田中広輔も育てた……カープ内野陣を支える玉木朋孝コーチの“ノック哲学”

9月15日(日)11時0分 文春オンライン

 ボールの質、正確さ、強弱、どれをとっても一級品である。試合前、確実な狙いを持った打球が生き物のように襲い掛かる。試合前のシートノックなどは、そのテンポの良さを含め、必見の価値がある。


 カープ二軍守備・走塁コーチ、玉木朋孝のノックである。もちろん、努力の賜物だ。コーチ就任当初は84センチのノックバットを用いていたが、より強い打球を打つために今や94センチのものを自在に使いこなすようになった。

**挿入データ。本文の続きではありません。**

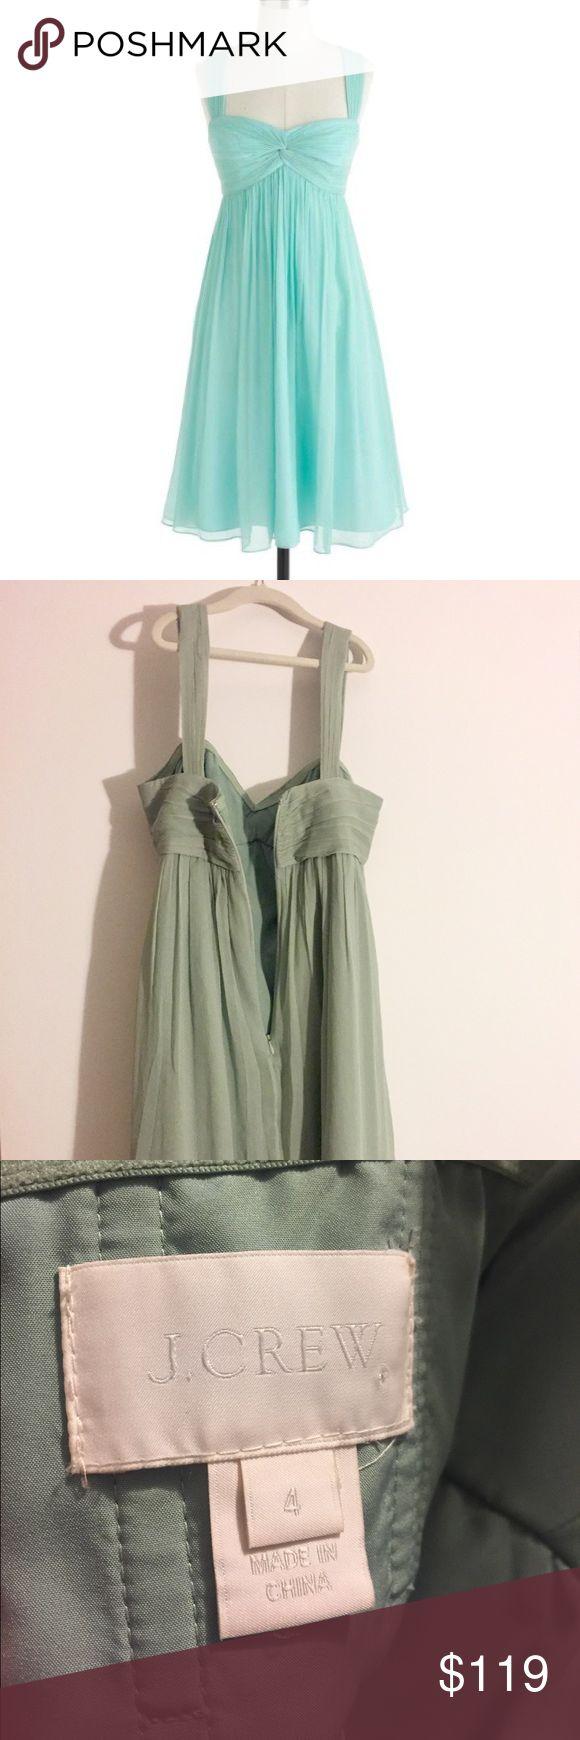 J. Crew seafoam green silk dress. Size 4. Mint condition. Hue is green/blue. J. Crew Dresses
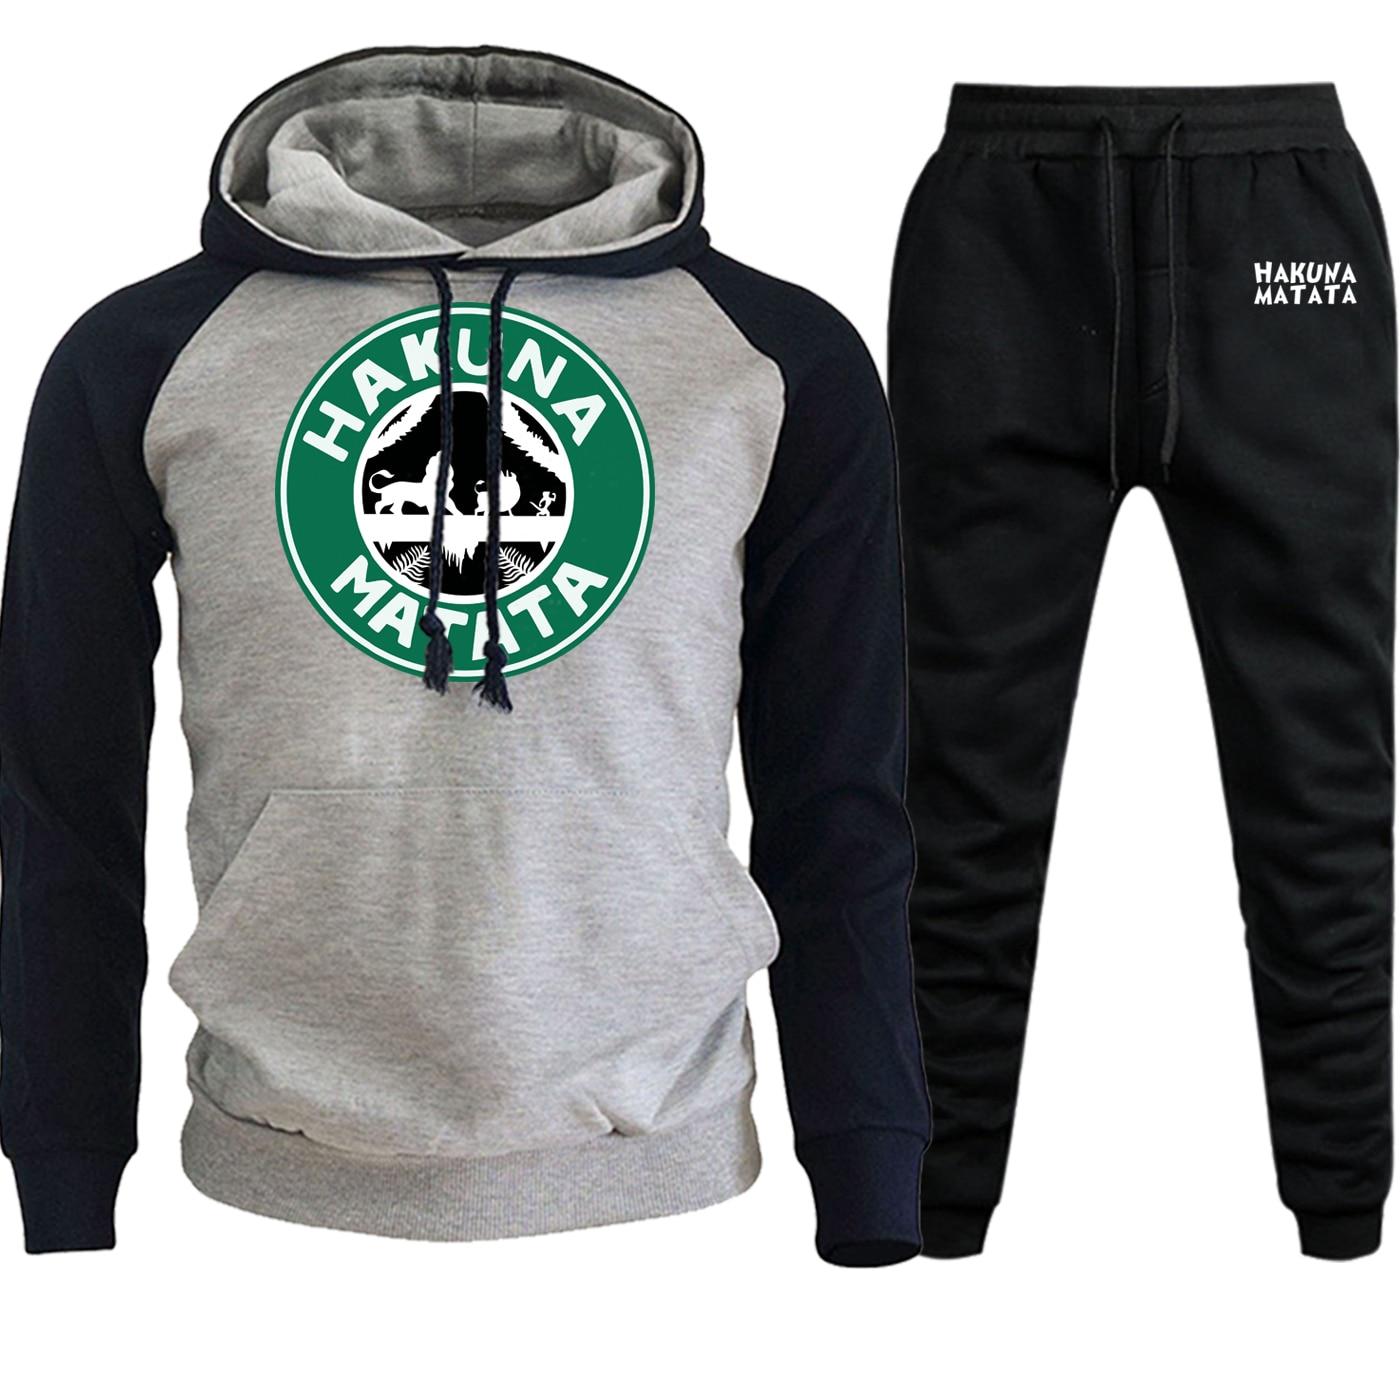 Cartoon Streetwear Mens Raglan Hooded The Lion King Sweatshirts 2019 Autumn Winter Fleece Suit Male Pullover+Pants 2 Piece Set

居残りでノックの練習をした時期もあったし、シーズンオフには近隣の公園に出向いてノック練習を行うこともある。「50歳代になっても、強いノックを打てるように」とウエイトトレーニングも欠かさないため、44歳になってもお腹が出るようなことはない。


玉木コーチがノックの技術を磨く理由


 高校を卒業して入団したばかりの羽月隆太郎の言葉が迫力を物語る。「最初にノックを受けさせてもらったとき、これがプロなのかと衝撃を受けました。今まで見たことにない打球でした。打球が弱い時でも、サッと来るのでなく、独特のスピンでこっちに向かってきました。捕る瞬間に手元で動くような打球もありました。なので、無駄な動きを少しでも入れると、グラブに収めることができません」。


 大きな狙いは2つある。まずは、プロ野球の外国人選手のような強い打球を体感させることで、打球を怖がらない選手にすることである。「怖がると上手にはなりません。ボールから逃げると上達しませんから」。


 1990年代、カープの内野手としてプレーした経験が原点にある。「僕たちもボールを怖がらないように徹底されました」。だから、玉木は歯が折れても、裂傷を負おうとも、一歩も引かなかった。


 ある二軍戦を覚えている。ノーアウト満塁の場面で、ショートの玉木に強烈な打球が飛んできた。逃げずに捕りにいったが、イレギュラーバウンドした打球が、彼の頭部に直撃した。彼は、体に当てたボールが前に転がるのを確認すると、グランドに倒れた。そのボールはサードが処理して、大量失点は免れた。


 ベンチで二軍監督の安仁屋宗八から掛けられた言葉が忘れられない。「お前のおかげで、1点で済んだわ」。全てが報われるとともに、自身の役割を再確認できた言葉だった。


 もうひとつは、足を使ったフットワークを磨くためである。玉木の説明は明快である。「何のためにフットワークを使うのか。送球のためでもあります。少しでもいいバウンドに入るフットワークが必要です。中途半端なバウンドに入ると、エラーもすれば悪送球もしてしまいます。ゴロを受けることで下半身もできてきますから、とても大事なことだと思います」。



足を使った守備の典型例が田中広輔である


 ただ、彼の指導はやみくもなものではない。「キャンプから夏にかけては、前に出る打球を多くして、下半身を作っておきます。そうしないと夏を乗り切ることはできません。夏場は、やたらに前後左右には振りませんね」。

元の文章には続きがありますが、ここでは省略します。